A group of environmentalists will announce a campaign Wednesday to stop the Federal Energy Regulatory Commission (FERC) from gaining new members needed for approving new natural gas pipelines and other projects. One of the activists spearheading the coalition is well-known anti-fracking campaigner, Josh Fox.
He and other activists want to “spotlight the growing national opposition” to new FERC appointments by the Trump administration, according to a media advisory explaining the new campaign.
FERC, which regulates the country’s natural gas pipeline projects, lost a key commission member, essentially preventing the agency from acquiring a quorum on contentious pipelines like DAPL.
President Donald Trump elevated a member to head FERC, causing the demoted member to retire and leave the committee with only two panelists. The White House has yet to land on a nominee to replace the outgoing Obama-appointed chairman.
Trump’s decision to approve the highly contentious Dakota Access Pipeline in North Dakota prompted environmentalists to attack nearly every ongoing pipeline project under discussion. They’ve now turned their ire toward the short-handed agency.
“Currently, only two out of five commissioner positions are filled at FERC, which means the administration would greatly impact FERC’s direction with new appointments,” the group’s memo notes. “Activists will outline the push against any new FERC commissioners and highlight the concerns with FERC’s regulatory oversight.”

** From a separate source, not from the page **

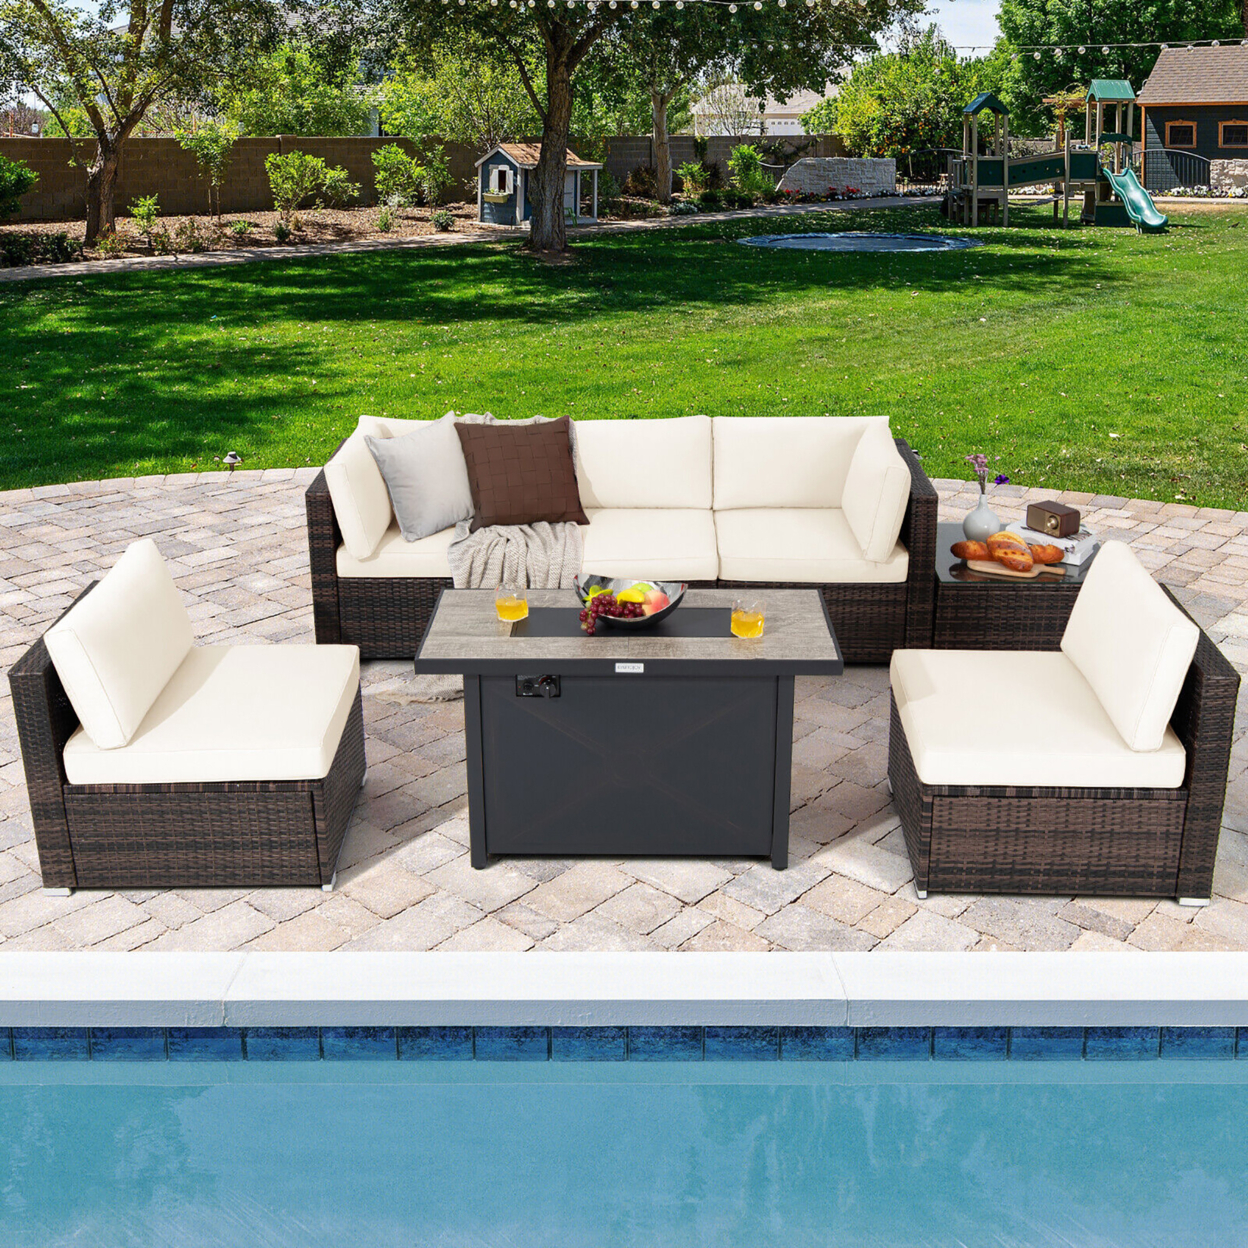 7PCS Patio Rattan Furniture Set Fire Pit Table Cover Cushion - Off White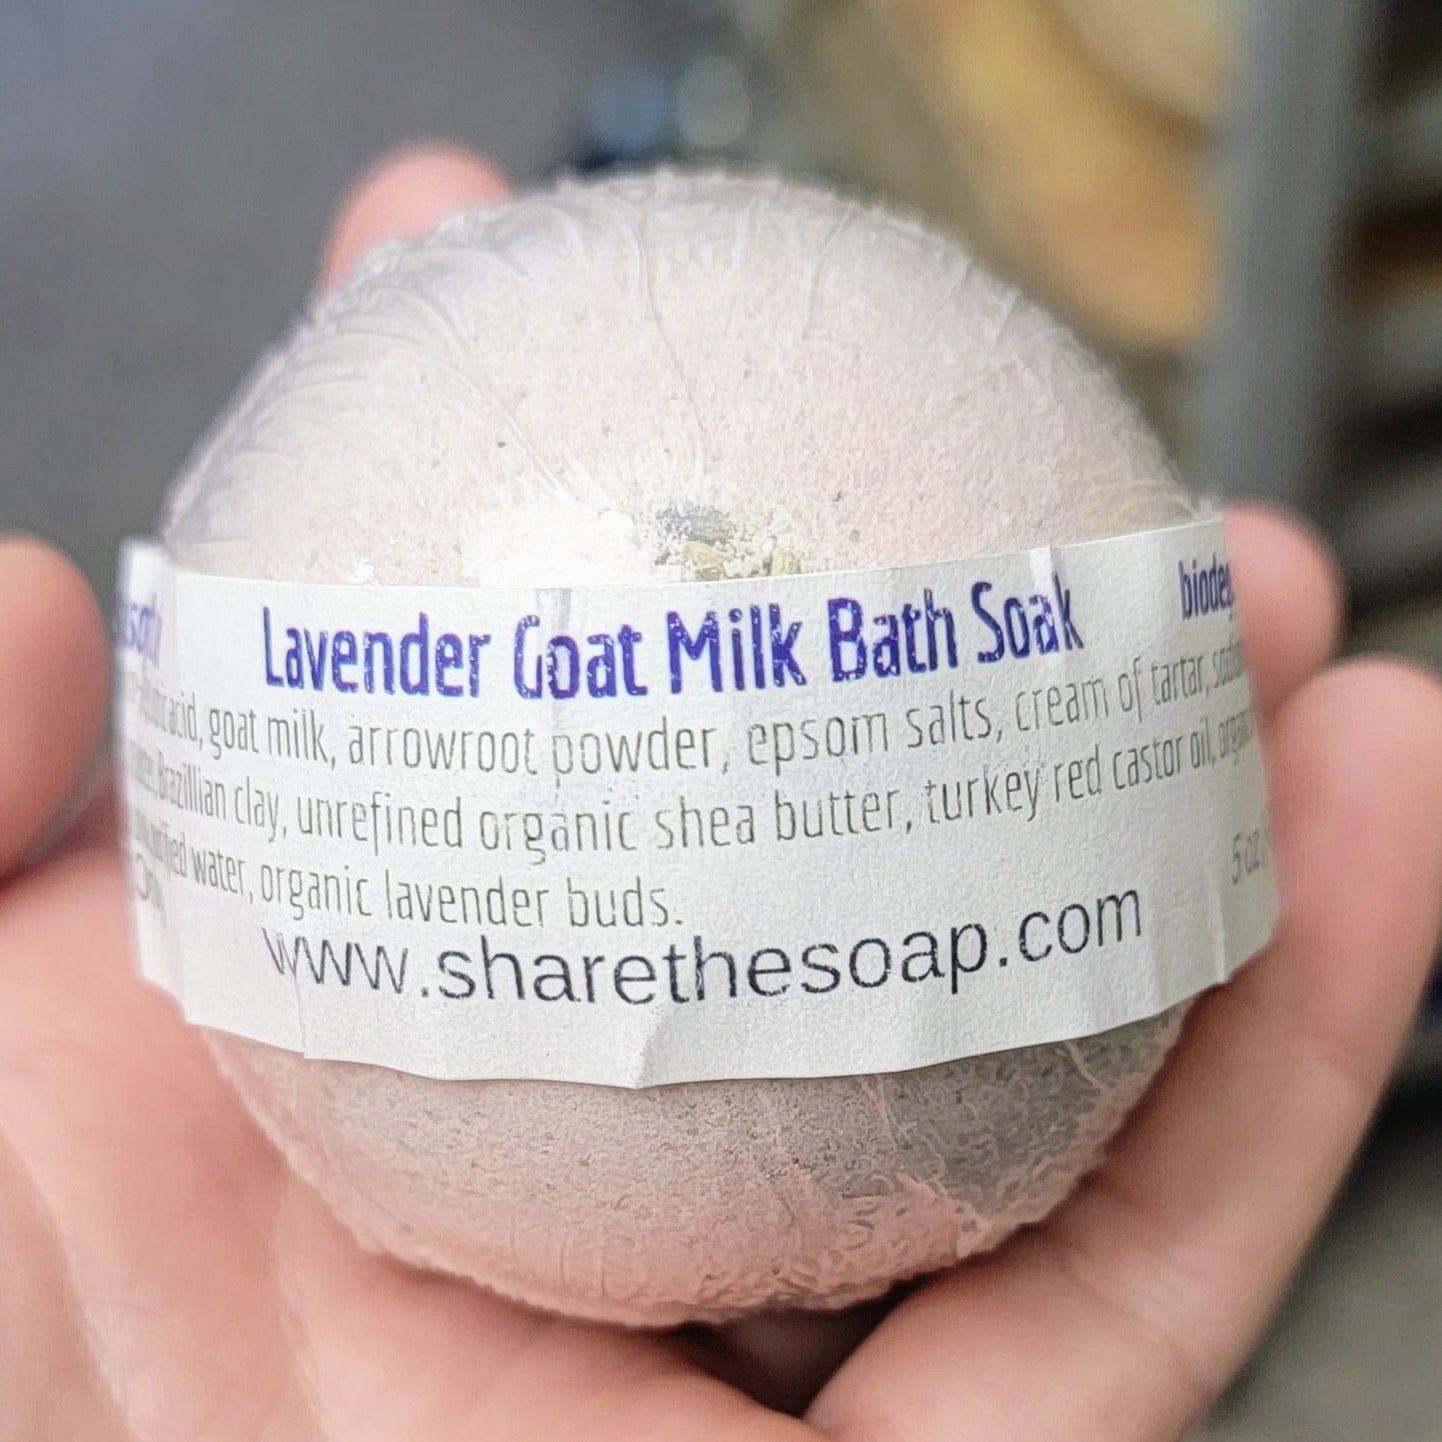 Bulgarian Lavender Essential Oil Goat Milk Bath Soak with clay shea butter and organic lavender buds made at sharethesoap.com

Activists have tried for months using direct action to prevent oil projects like the DAPL from being constructed. They have even called on banks and investment groups to halt any and all monetary backing of the company responsible for constructing the DAPL.
Congressional Republicans and energy analysts don’t appear concerned about Fox’s efforts.
“Republican control of both the White House and Congress – not to mention changes made last year to the Senate rules for considering nominees – means nominees face a much easier path to confirmation,” Robert Dillon, vice president of the free-market American Council for Capital Formation, wrote Monday in an editorial.